What is seriously and dangerously wrong with the ARCI plan is not its objectives, but how it plans to implement them. In a closed meeting last week, the ARCI passed a unanimous resolution that, "commencing in 2007, our commissioners are going to be looking into putting as a condition of licensure of race dates a requirement that the wagering system be independently monitored."

There is only one reasonable way to translate that: "Join our group, or we'll shut you down or cut your dates." Martin says ARCI has no intention of shutting down racing, but I know of no other way of reading the resolution.

What ARCI is proposing is the federal policy used against foreign governments that don't agree with Washington: Do it our way or we'll cut your aid. We have the power, and we plan to use it. It ill befits an organization of racing commissioners, entrusted with the welfare of the sport, who should be helping racetracks, not threatening them.

Asking tracks to fund ARCI projects, or pay for "associate memberships," seems to some a conflict of interest. You do not pay monies or offer tribute to people who regulate or govern you. Jack Abramoff tried and is headed for jail.

This latest proposal goes beyond that. Racing commissioners hold the lifeline of tracks in their hands. Martin thinks using that weapon is the only way to enforce what he sees as a role ARCI is obligated to fill. I see it as an abuse of power.

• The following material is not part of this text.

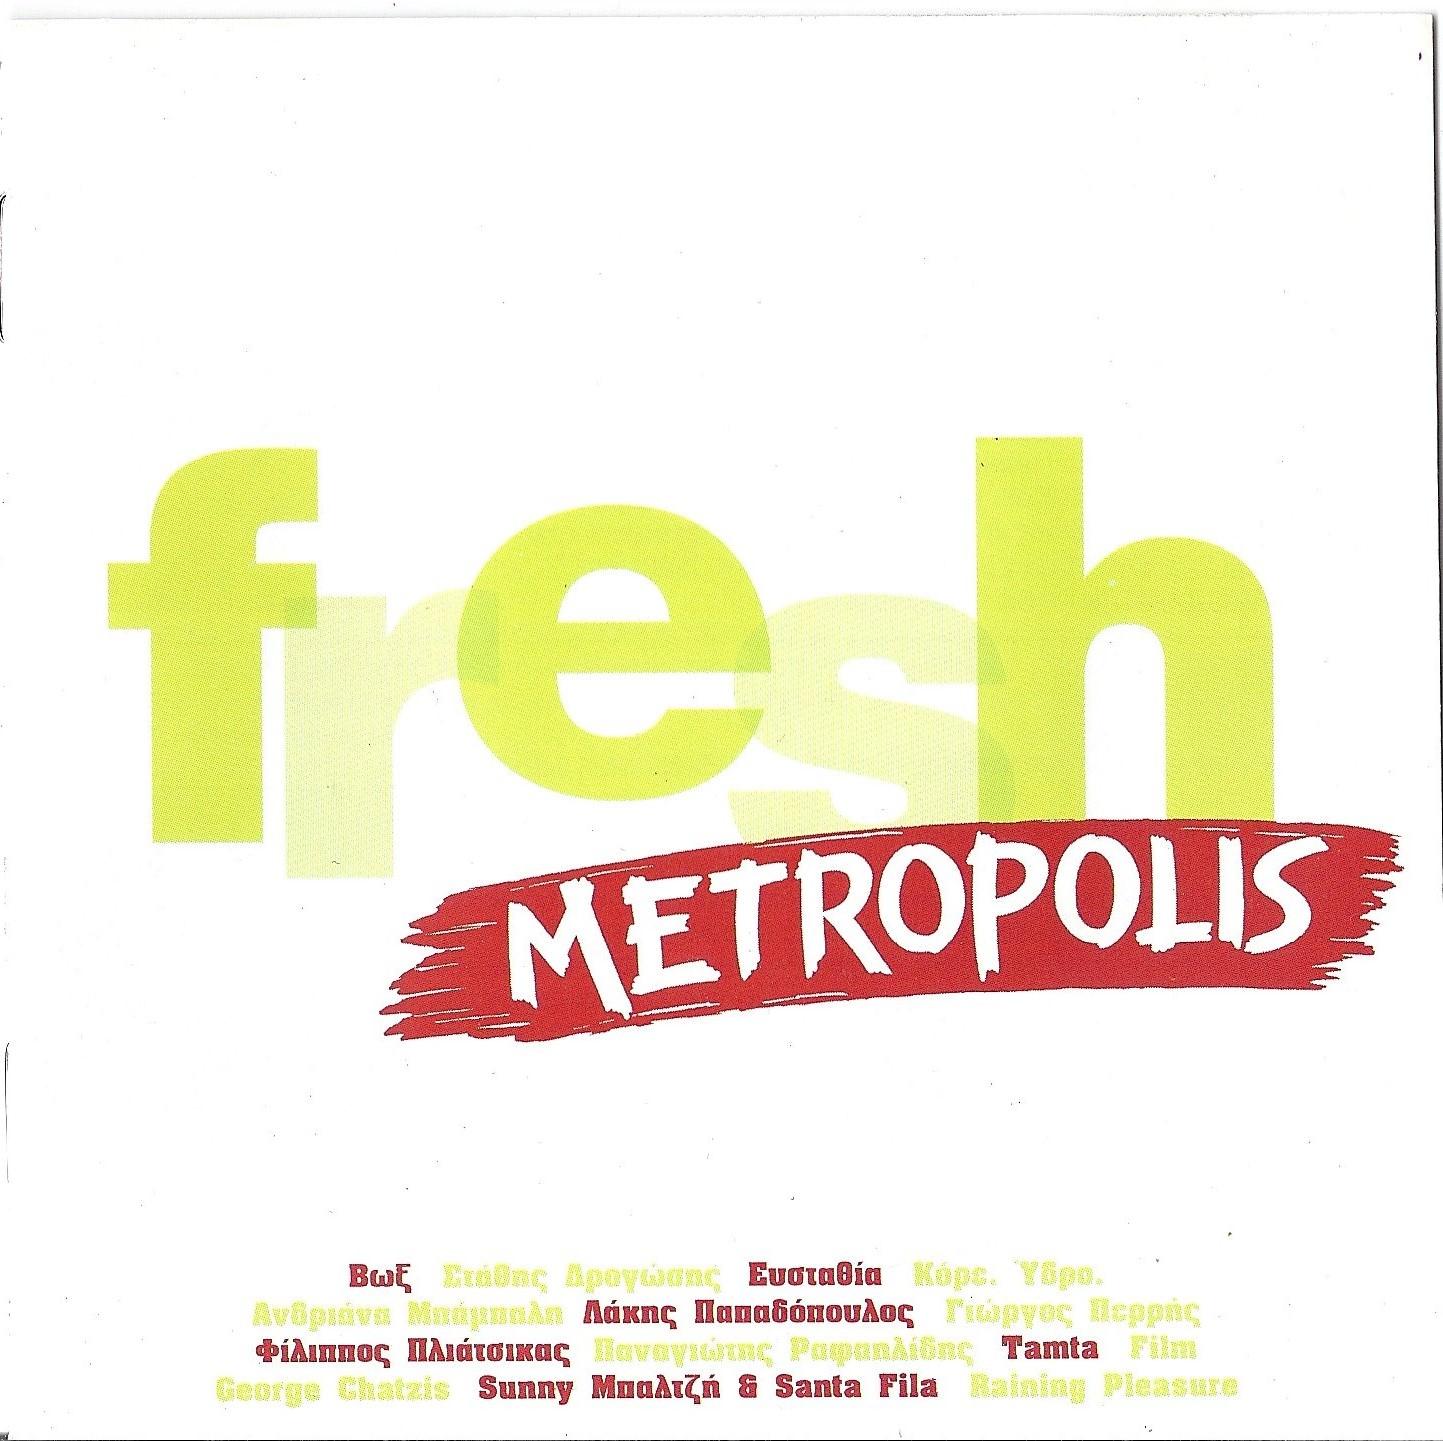 METROPOLIS FRESH 2006

Martin told the ARCI audience, "We need to do this in the same way we require security on the backstretch. We must require the independent monitoring of the wagering system. If we don't do that, we are not serving the public, or meeting the needs of this industry and everybody whose livelihood depends on it." He reiterated that to me. I pointed out that racetracks pay for backstretch security, but Martin said he feels they do because they are under mandate from their racing commissions. It also is possible they do because they understand integrity is the foundation of all parimutuel racing, without the ARCI telling them or forcing them.

I respect Ed Martin as a longtime racing official and regulator who knows the business thoroughly. I see the ARCI proposal as Draconian. He sees it as duty.

I realize ARCI has the club, but I think it is proposing to bust the wrong knees.